Ports on the east coast of the US will be become the chokepoint in Asia-US trade because they are years away from being able to accommodate the super-sized vessels running through the new locks of the Panama Canal.
“Before the Panama Canal was the bottleneck, now it’s the ports on the east coast,” Ryan Petersen, CEO of US-based freight forwarder Flexport, told fDi.
Thousands of Panamanians were in attendance on June 27 to watch the first passage of a ship carrying 9,000 containers through the $5.25bn set of locks at the canal connecting the Atlantic and Pacific oceans. The milestone event marked the end of a nine-year, problem-strewn expansion aimed at roughly doubling the canal’s capacity thereby easing interoceanic trade flows, which handles around 6% of worldwide shipping every year.
Ports lying east of the Panama Canal scrambled to update their infrastructure to make room for the so-called new-Panamax vessels, which can carry up to 14,000 20-foot equivalent units (TEUs), but authorities along the East Coast have been slower than others in adjusting.
Works in progress
Work to raise the Bayonne Bridge straddling the entrance to the Port of New York, the largest on the East Coast and the country’s second largest after that of Los Angeles, will not kick off until 2017. The bridge can currently accommodate ships of 9000 to 10,000 TEUs, which is way above the previous Panamax limit of 5000 TEUs, but falls short of the new 14,000 TEUs Panamax limit.
Further south, the Port of Savannah in Georgia is in the process of deepening its harbour, which will take another couple of years.
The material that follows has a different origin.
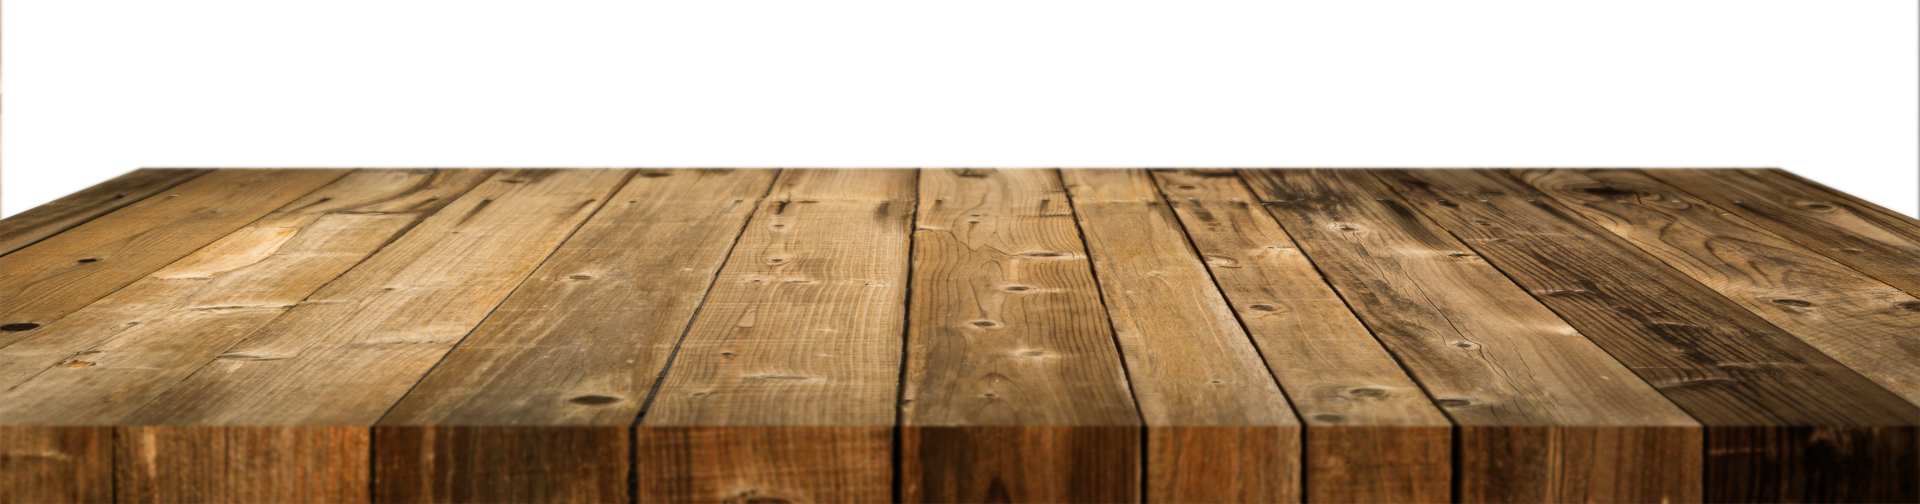 Mặt bàn gỗ rỗng trong suốt PNG miễn phí (Free transparent PNG empty wood plank tabletop) - Đừng bỏ lỡ cơ hội sử dụng tài nguyên miễn phí của chúng tôi để tạo ra những thiết kế đẹp mắt hơn. Với mặt bàn gỗ rỗng trong suốt PNG miễn phí, bạn sẽ có thêm các tùy chọn thiết kế phong phú, giúp bạn trở nên nghệ thuật và chuyên nghiệp hơn trong lĩnh vực thiết kế.

Its nearby competitor, the Port of Charleston, aims at kicking off dredging works next year and wrapping them up by 2019. Both ports are major gateways for goods bound for the east coast.
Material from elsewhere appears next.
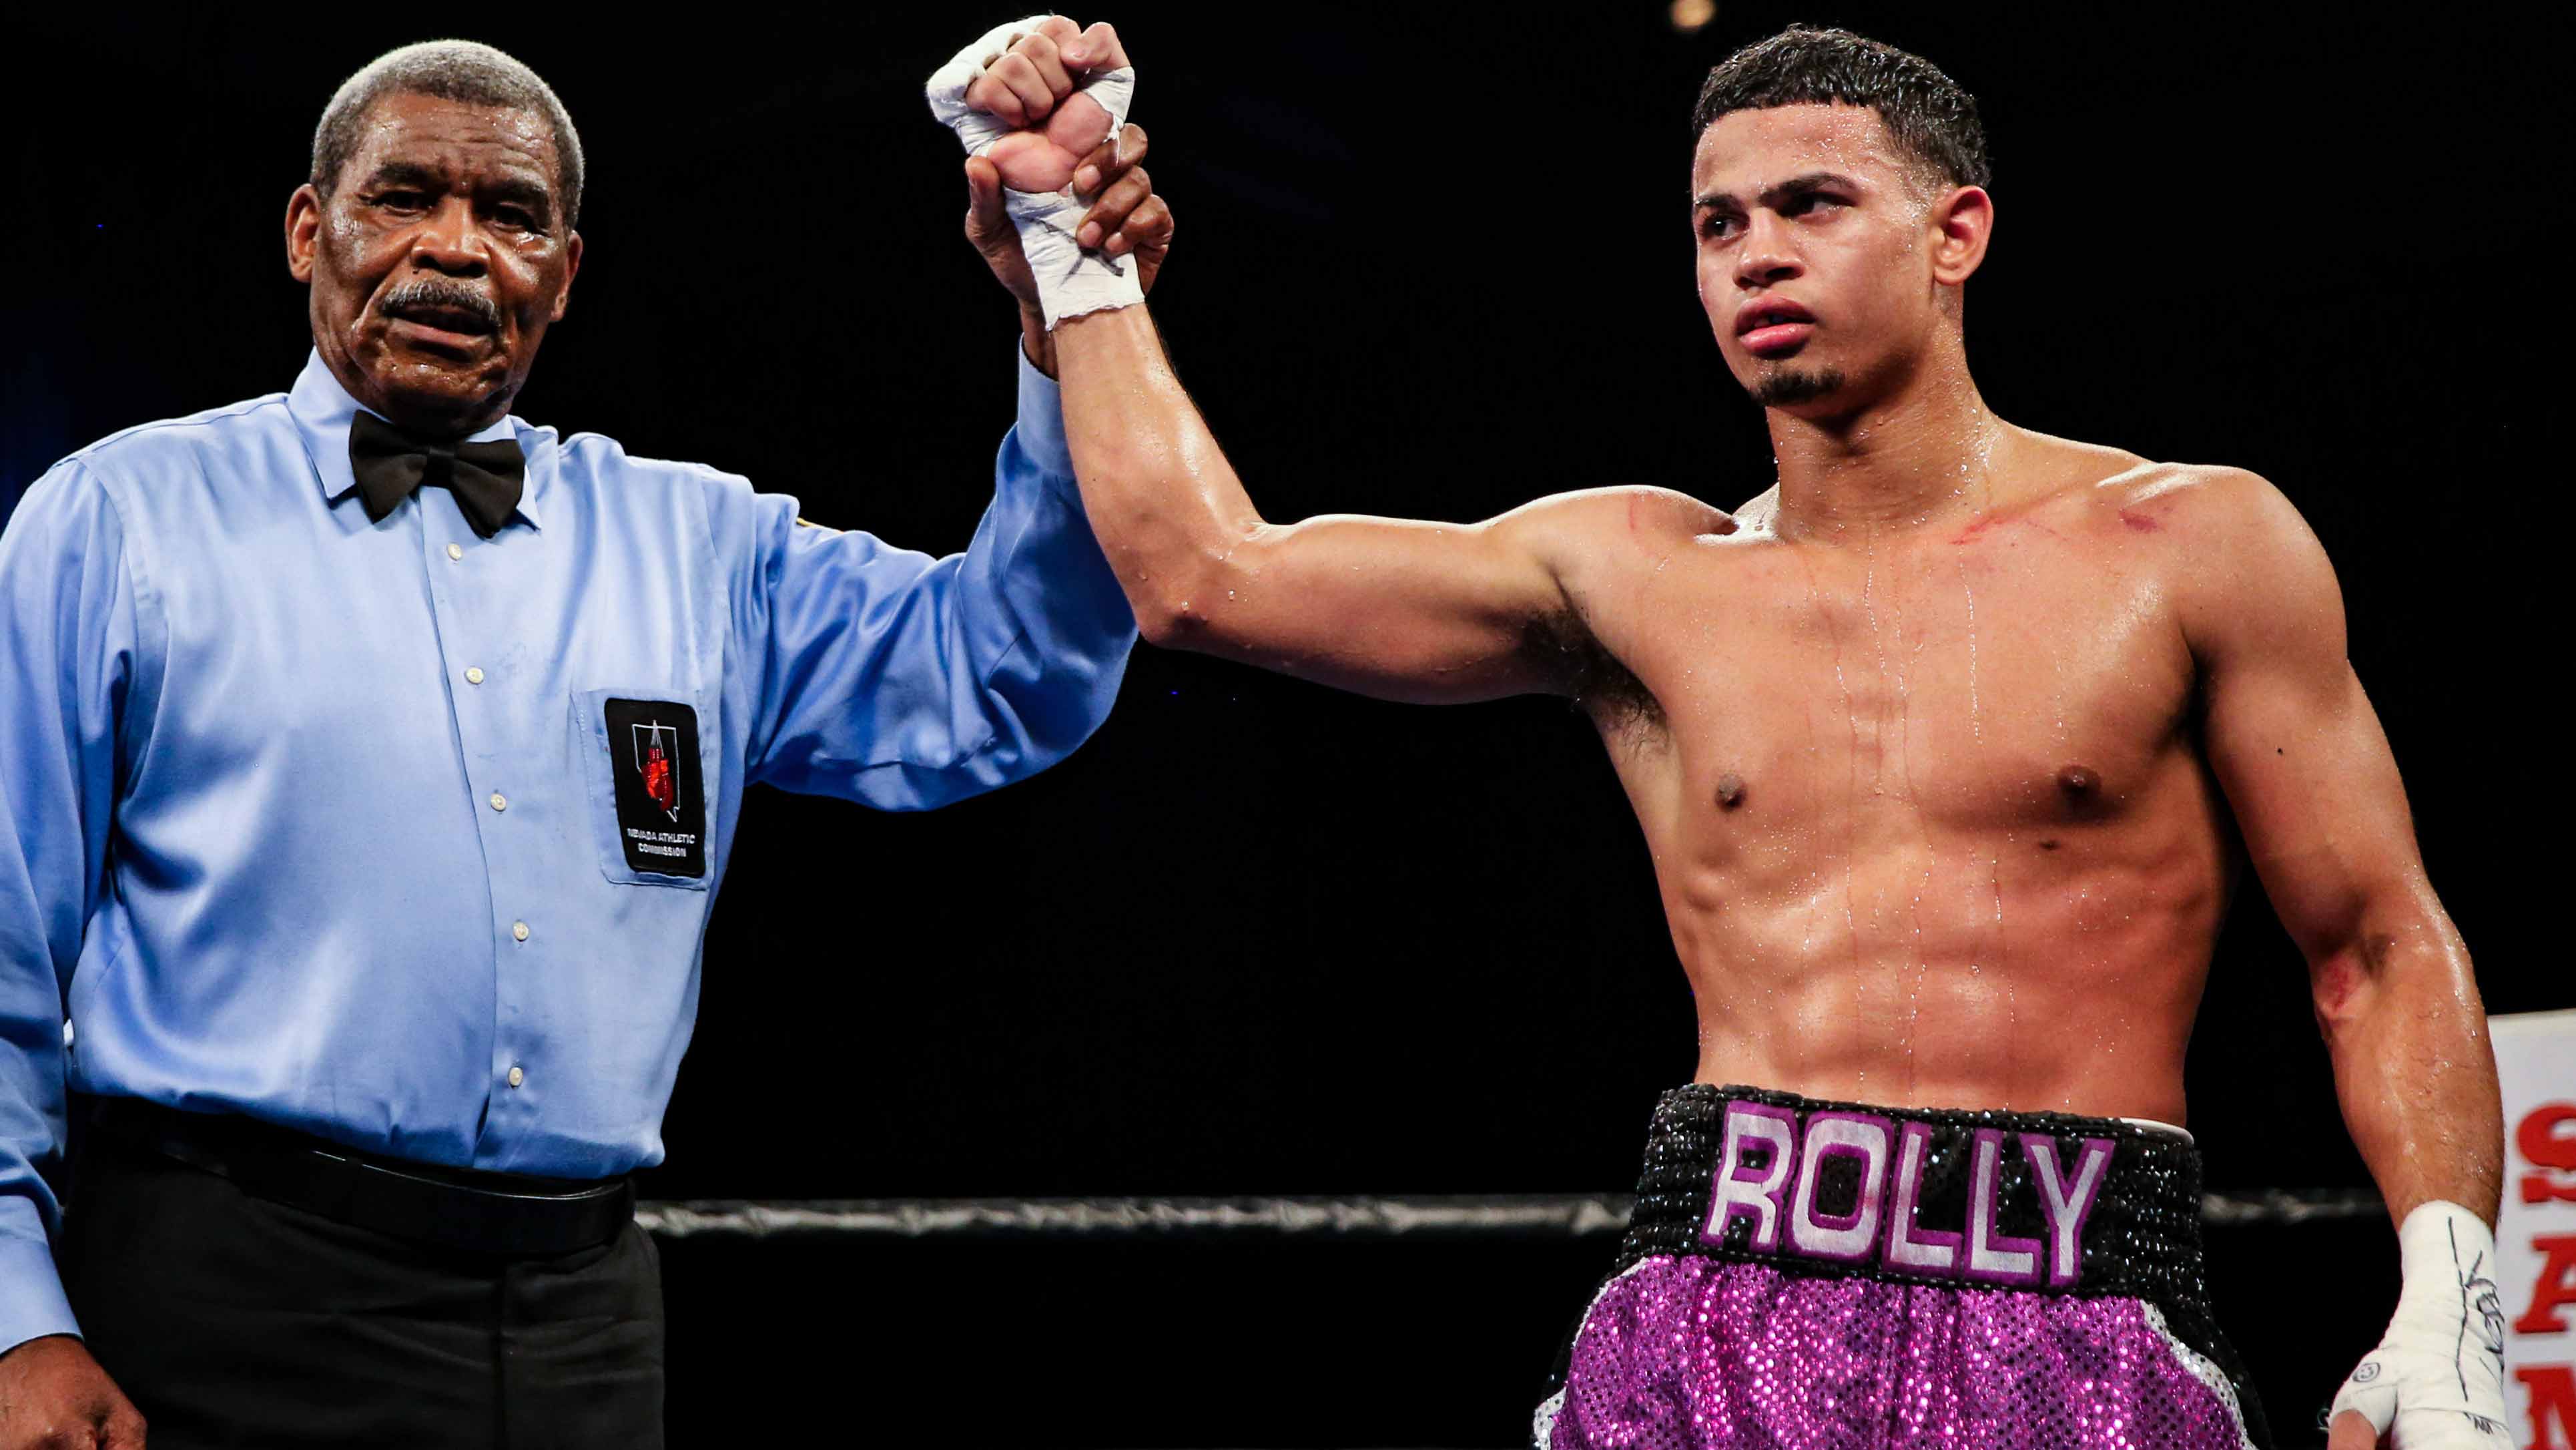 Photo: rolly romero boxing record

With work still underway, an expected rebalancing of Asia-US trades from the west coast to the east triggered by the enlargement of the Panama Canal will take years to materialise.
“Today there is a big area in the middle of the country where it is cheaper to bring a container from the west coast via rail,” says Mr Petersen. “But as the [new] canal opens, it’s going to be cheaper to send it through the canal and get it on the east coast.”
Once eastern ports are ready to handle new-Panamax vessels, they will be in a position to offer better rates to a whole belt of states running from Arkansas to Ohio which currently source their goods through ports on the west coast. Overall, eastern and Gulf Coast ports will be able to raise their share of Asia-US trade flows to 45% from the current 35%, Flexport estimates, with savings up to $1,000 per 40-foot container, depending on its final destination.